Lacker, one of the toughest anti-inflation hawks among senior Fed officials, cautioned that the U.S. central bank is mixing monetary policy with credit policy as it offers loans to stabilize financial markets in deep disarray after the housing market crash and the surge in mortgage defaults.
The Fed has cut interest rates to near zero and pumped hundreds of billions of dollars into the economy to restore lending and stimulate economic activity. In so doing, the central bank's balance sheet has expanded from near $900 billion in mid-2008 to over $2 trillion, and policy-makers have pledged to grow the balance sheet further if needed to pull the economy out of recession.
Lacker, in comments that highlight tensions at the Fed, warned expansion of the Fed's balance sheet may be risky.
"Credit policy is also aimed at promoting growth, but it is more a form of fiscal policy in that it uses the public sector's balance sheet to alter the allocation of resources," Lacker said.
"Many historical instances of monetary instability have been the result of central banks being prevailed upon to use their balance sheets for fiscal ends in ways that impeded their ability to keep inflation under control," he said.
The Fed in December considered, but set aside, a plan to set targets for the size of bank reserves or the monetary base.
Lacker said he was comfortable with the Fed's big rate cut in December, and said the central bank can continue to impact the economy by adjusting the size of the money supply.

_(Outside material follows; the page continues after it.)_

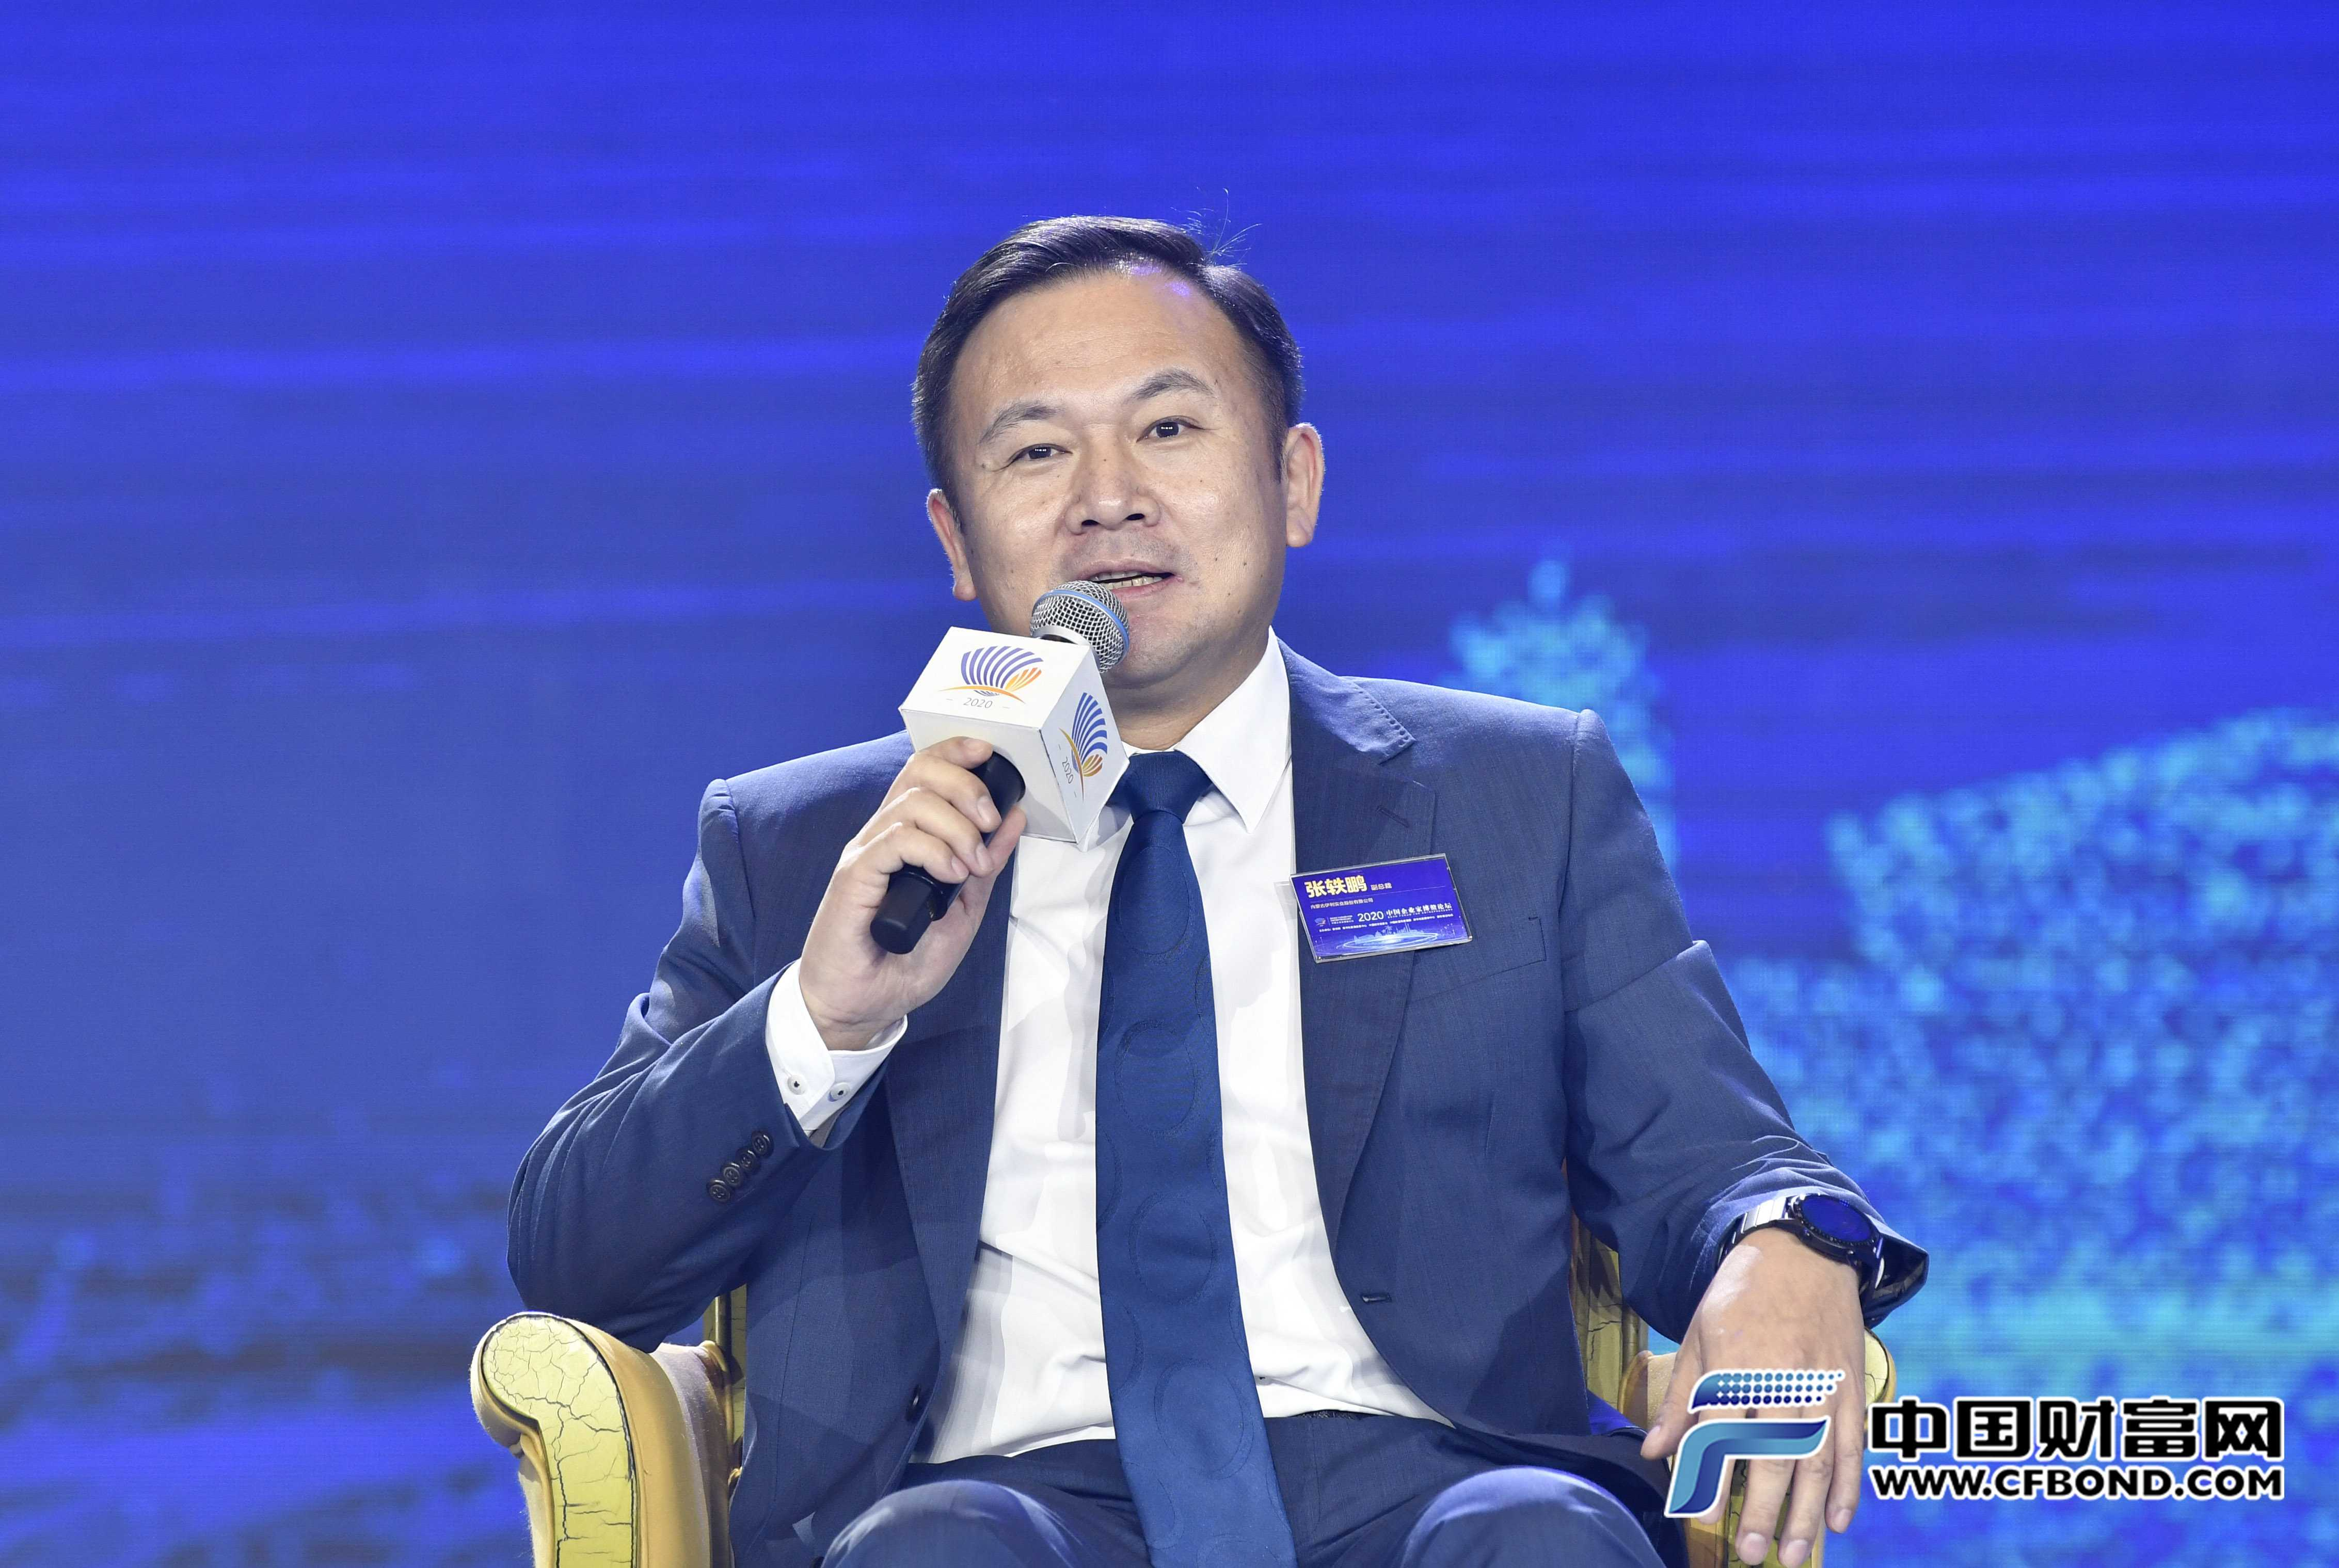 内蒙古伊利实业股份有限公司副总裁张轶鹏

"It didn't strike me as useful to pitter patter with little steps down to zero -- you might as well have gone all the way," Lacker said in response to a question after his speech to the Maryland Bankers Association.
"The fact that we've got interest rates down to zero should not distract people from the fact that we still control the amount of monetary liabilities -- the money -- that we create and put into the economy," he added.